Channel Configuration

import grpc

channel = grpc.aio.insecure_channel(
    address,
    options=[
        ("grpc.keepalive_time_ms", 10000),
        ("grpc.keepalive_timeout_ms", 3000),
    ],
)

Health Checks

  • Channels automatically reconnect on failure
  • gRPC handles connection health internally
  • Failed requests trigger retries (via RetryPolicy)

Routing & Sharding

Hash Function: XXHash64

import xxhash

def hash_key(key: bytes) -> int:
    hasher = xxhash.xxh64(seed=0)
    hasher.update(key)
    return hasher.intdigest()

Properties: - Fast: Optimized C implementation - Consistent: Same key → same hash - Cross-SDK compatible

Consistent Hashing: Jump Consistent Hash

def jump_consistent_hash(key: int, num_buckets: int) -> int:
    b = -1
    j = 0
    while j < num_buckets:
        b = j
        key = ((key * 2862933555777941757) + 1) & 0xFFFFFFFFFFFFFFFF
        j = int(float(b + 1) * (float(1 << 31) / float((key >> 33) + 1)))
    return b

Properties: - Minimal key movement on shard count changes - O(log n) time complexity - Uniform distribution

Shard → Leader Mapping

shard_id → TopologyManager.get_shard_leader(shard_id) → leader_addr

Leader Cache: - Populated from ClusterView - Updated on topology changes - Updated from NOT_LEADER error hints

Retry Logic

Exponential Backoff

import random

delay = min(
    initial_delay * (2 ** attempt),
    max_delay
) + random.random() * jitter

await asyncio.sleep(delay / 1000.0)  # Convert ms to seconds

Example (initial_delay=100ms, max_delay=5s, jitter=100ms):

Attempt 1: delay = 100ms  + random(0-100ms)
Attempt 2: delay = 200ms  + random(0-100ms)
Attempt 3: delay = 400ms  + random(0-100ms)
Attempt 4: delay = 800ms  + random(0-100ms)
Attempt 5: delay = 1600ms + random(0-100ms)
Attempt 6: delay = 3200ms + random(0-100ms)
Attempt 7: delay = 5000ms + random(0-100ms) (capped)

Jitter Benefits

  • Avoids thundering herd (all clients retry at same time)
  • Spreads load during recovery
  • Reduces collision probability

Error Handling

Error Hierarchy

class NoriKVError(Exception):
    """Base error for all NoriKV errors."""
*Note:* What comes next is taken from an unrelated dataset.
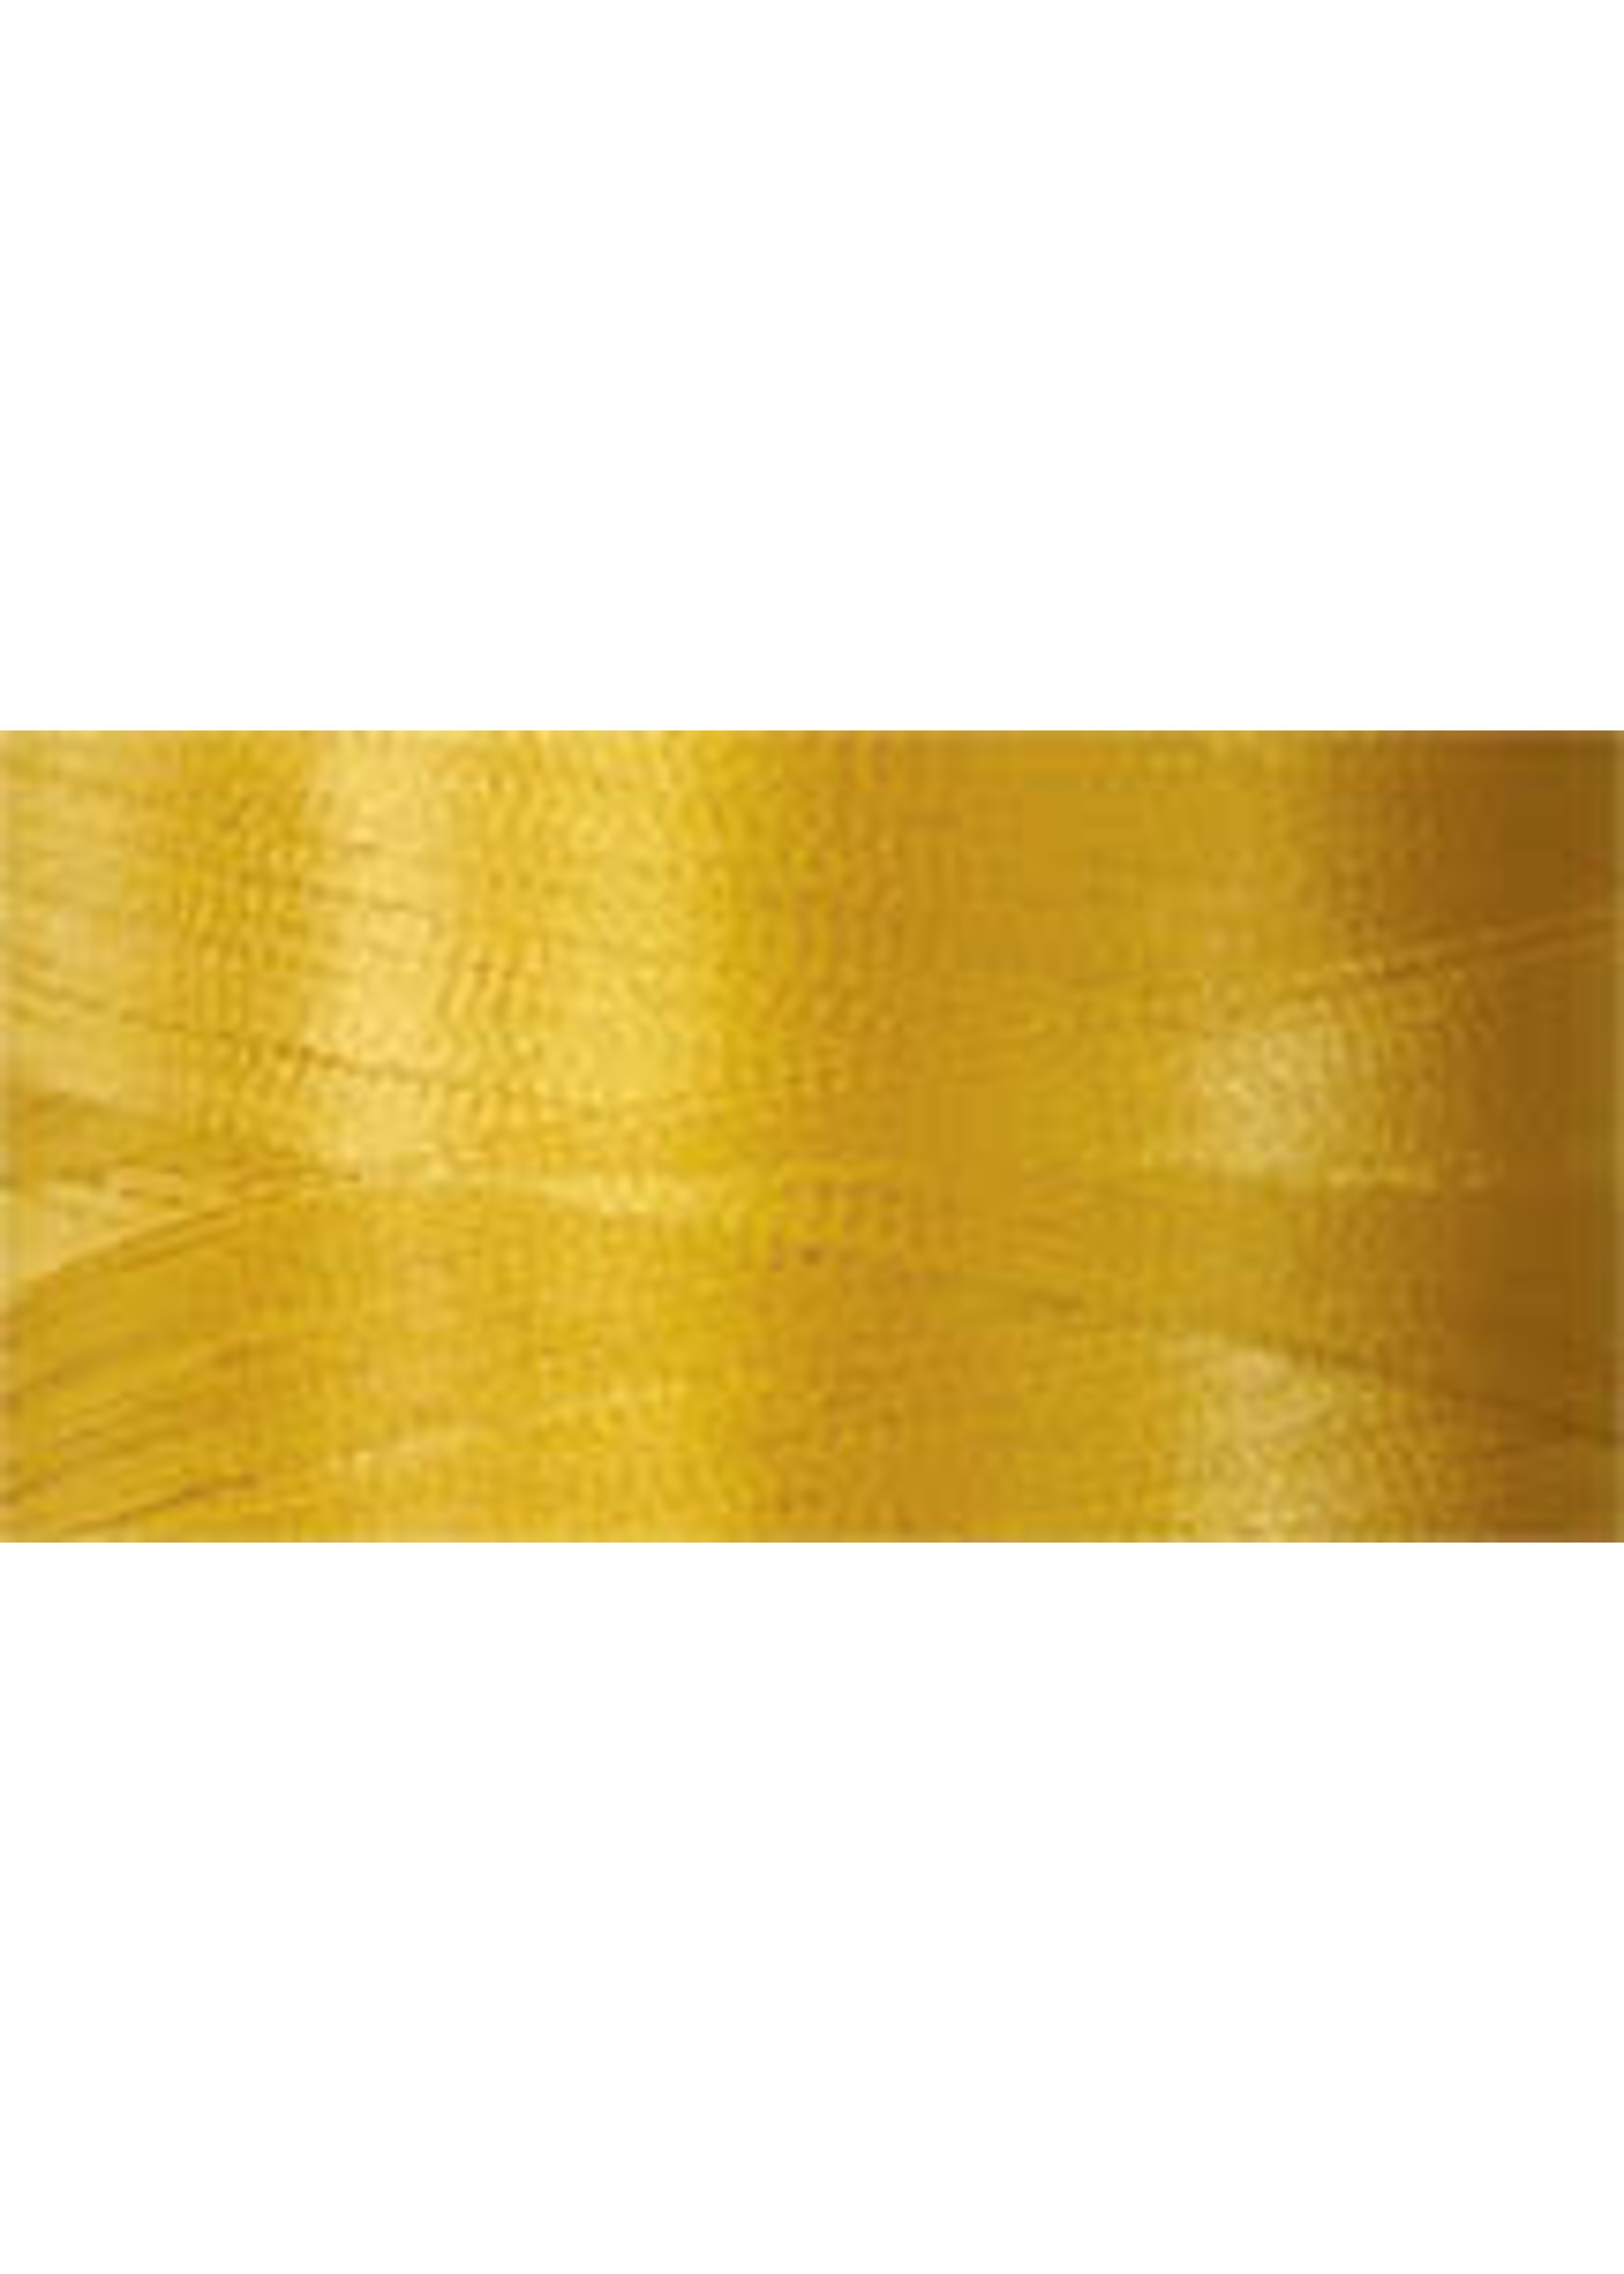 Superior Threads Bottom Line - #60 - 1300 m - 602 Gold

    def __init__(self, message: str, code: str, cause: Exception | None = None):
        super().__init__(message)
        self.code = code
        self.cause = cause

class KeyNotFoundError(NoriKVError):
    """Key was not found."""

class VersionMismatchError(NoriKVError):
    """Version mismatch during CAS operation."""
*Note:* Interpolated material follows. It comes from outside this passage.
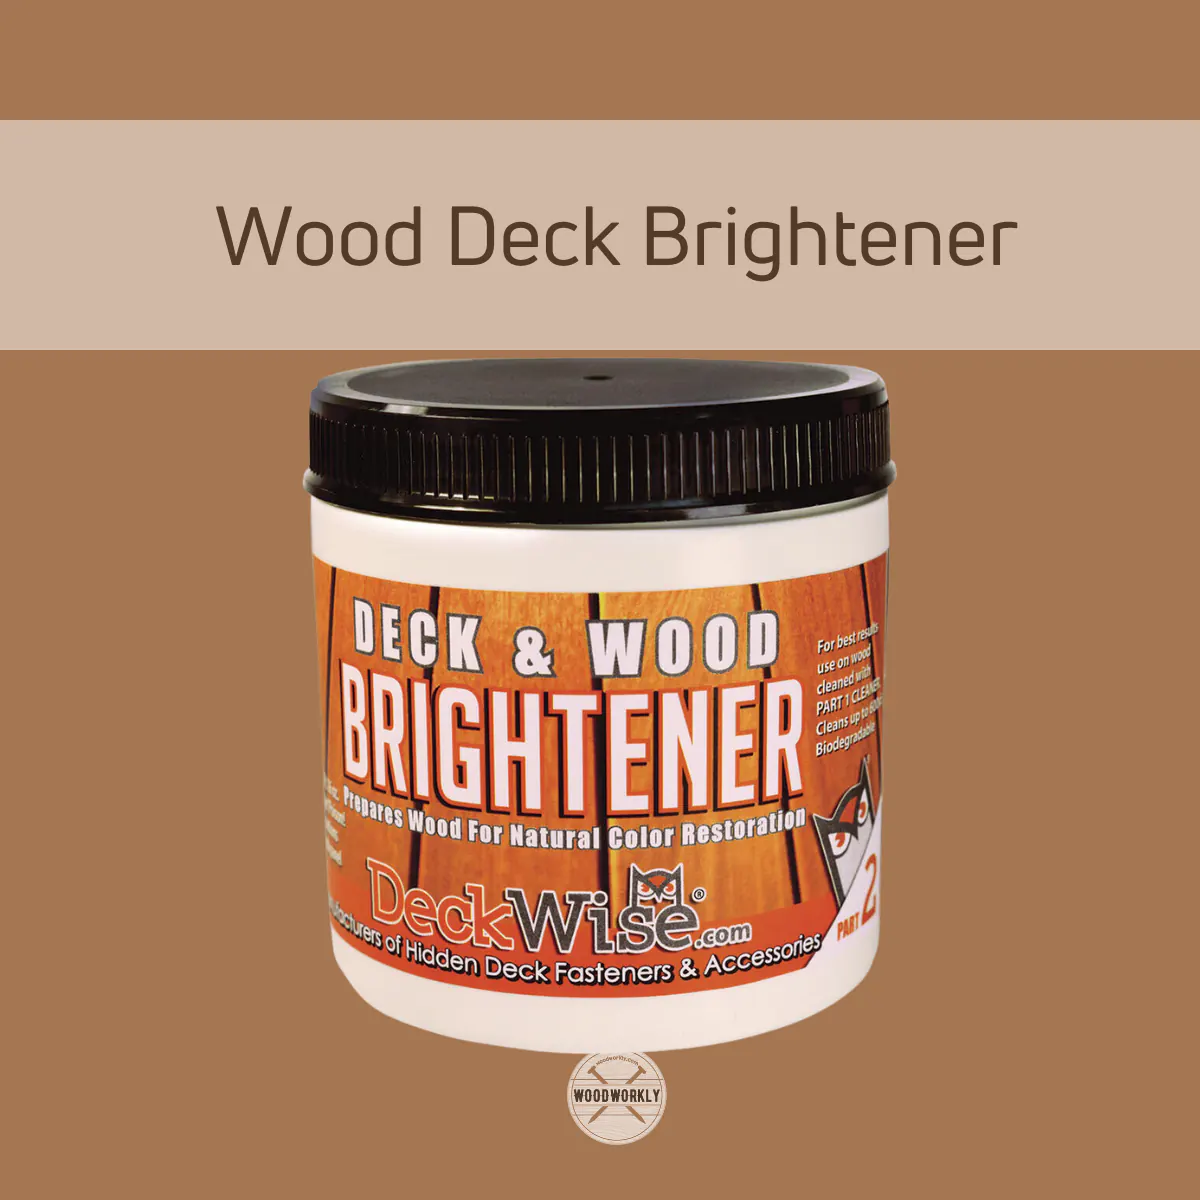 Wood Deck Brightener

class AlreadyExistsError(NoriKVError):
    """Key already exists."""

class ConnectionError(NoriKVError):
    """Connection error."""

Error Code Mapping

gRPC Status NoriKV Error Retry?
NOT_FOUND KeyNotFoundError No
FAILED_PRECONDITION (version) VersionMismatchError No
FAILED_PRECONDITION (other) NoriKVError No
ALREADY_EXISTS AlreadyExistsError No
UNAVAILABLE ConnectionError Yes
DEADLINE_EXCEEDED ConnectionError Yes
ABORTED NoriKVError Yes
RESOURCE_EXHAUSTED NoriKVError Yes
INVALID_ARGUMENT NoriKVError No
PERMISSION_DENIED NoriKVError No

Performance Considerations

Hot Paths

  1. Hash calculation: Fast XXHash64 via C extension
  2. Channel lookup: O(1) dict lookup
  3. Leader cache: O(1) dict lookup
  4. Protobuf serialization: Native C++ implementation

Memory Usage

  • Per client: ~5-20 MB (depends on number of nodes)
  • Per channel: ~1-2 MB (gRPC overhead)
  • Per request: Minimal (garbage collected)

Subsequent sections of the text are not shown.